The Data Cyclotron: Juggling data and queries for a data warehouse audience

Ph.D. thesis abstract

Rómulo Gonçalves

Romulo Goncalves_cover 

Promotor: Prof.dr. M.L. Kersten

Date of defense: March 22, 2013

The grand challenge for distributed query processing is to come up with a self-organizing architecture which exploits all hardware resources for the current workload, defines an accurate database subset, minimizes response time, and maximizes throughput without a single point for global coordination.

The Data Cyclotron architecture addresses this grand challenge using turbulent data movement through a storage ring built from distributed main memory. It capitalizes the functionality offered by modern remote-DMA network hardware. Its design reconsiders the network cost model followed by most distributed systems, i.e., slow connections in the past.

Queries assigned to individual nodes interact with the Data Cyclotron by requesting and picking data fragments up from a database subset continuously flowing around, i.e., the hot-set. The hot-set is dynamically adjusted based on ring characteristics such as load and workload demands.

Composed by the most relevant data for the workload, the hot-set is kept as light as possible. Only fragments with a high cumulative query interest over the cycles are kept in the ring. Therefore, a change in the workload focus, i.e., new input data is required, the hot-set is re-adjusted. The readjustment is triggered by query requests for data access. The Data Cyclotron’s self-organization in a distributed manner, keeping optimal resource utilization, gradually replaces the data that composes the hot-set to accommodate the current workload.

The Data Cyclotron leaves the decision to execute a query to the nodes, i.e., there is no global cost model for query assignment. It makes the system flexible to scale. It exploits the fact that each individual query can be processed at any node; we are sure that the relevant data will pass by. This way, the processing node does not need to be chosen with respect to data locality. Instead, performance factors crucial for the system at large are taken into account. Therefore, the Data Cyclotron, instead of moving the data to the queries (DDBMS) or a query to the data (peer-2-peer), it moves data and queries as two complementary entities. As far we are aware, it is an innovative and simple strategy rarely, or maybe never, used before in the distributed query processing environments.
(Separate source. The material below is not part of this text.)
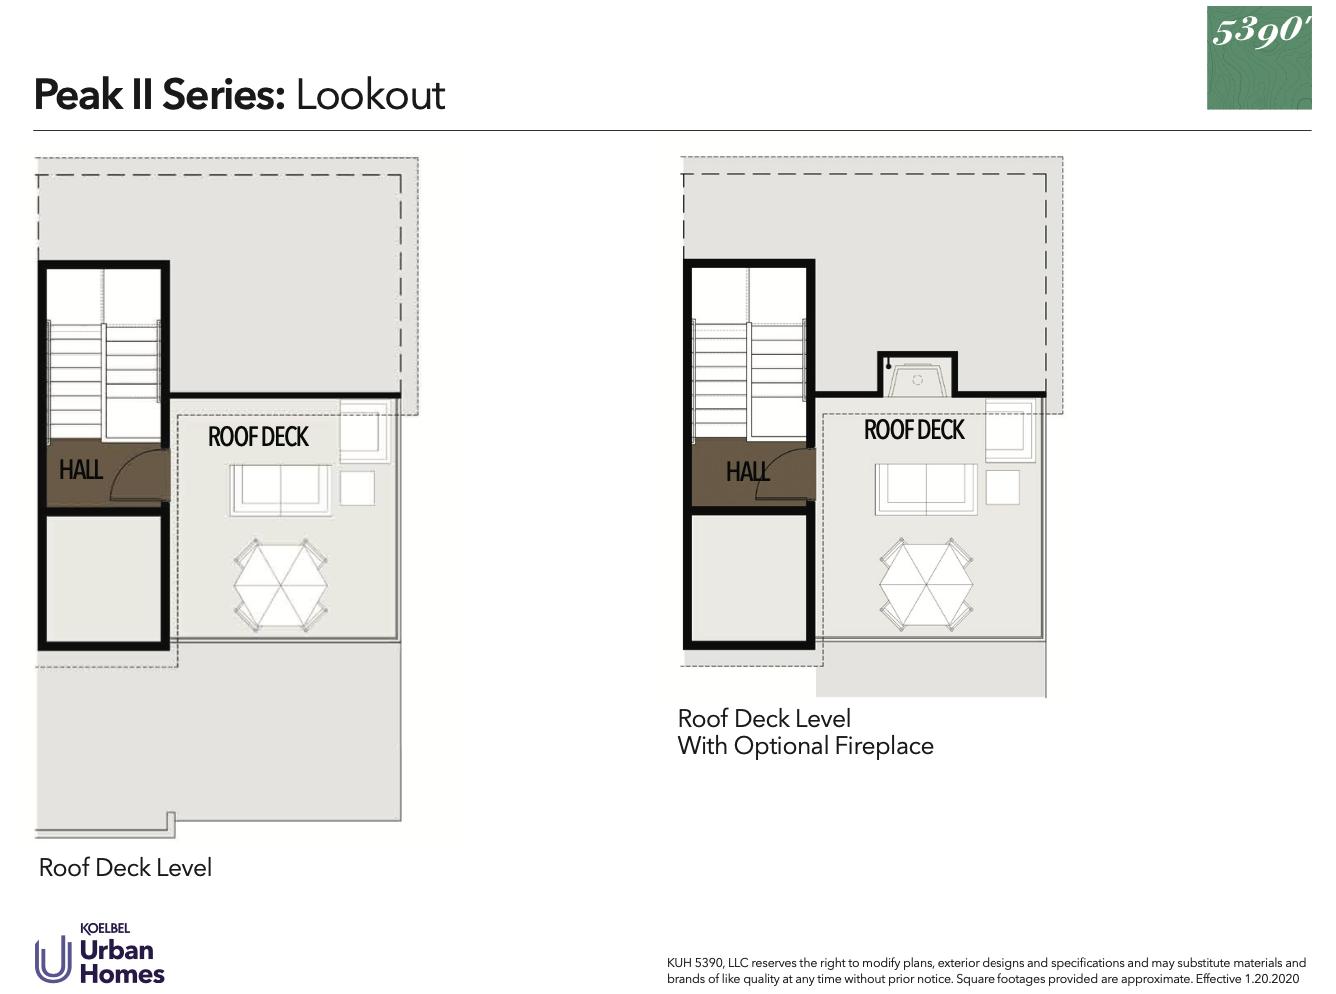 5390' Community by Koelbel in the Berkeley Tennyson Neighborhood Denver New Construction Homes For Sale Peak II Lookout Floorplan3

The approach is first illustrated using an extensive simulation study. The results underpin the hot-set management robustness in turbulent workload scenarios. Furthermore, a fully functional prototype of the proposed architecture has been integrated with a column-store. The integration was tested within a multi-rack cluster equipped with InfiniBand using both micro benchmarks and high-volume workloads based on the well-known decision support benchmark, TPC-H (see

The results demonstrate the architecture feasibility and inspired the design of a novel solution for distributed query processing, the DaCyDB. The DaCyDB opens a new vista for modern distributed database architectures with a plethora of new research challenges. It uses the decentralized Data Cyclotron architecture to offer a seamless transition between a scale up solution to a scale out solution, or the best case scenario, have both in harmony. This seamless transition is a pillar to explore both models and achieve different levels of parallelism.

For efficient resource utilization and an absentee of central coordination, the DaCyDB exploits the Data Cyclotron pulsating ring instead of the master-slave model. A pulsating ring adaptively grows and shrinks to continuously seek the optimal number of nodes comprising a ring and guaranties the fastest data flow. All decisions are made locally at each node: which query to execute, when to leave, or when to split. Hence, it is possible to have a mesh of heterogeneous rings, and thus make the architecture flexible and robust to difference workload resource demands. The model exploits the independence and autonomy of each individual where everyone, based on the workload flow, works for the same goal, high throughput.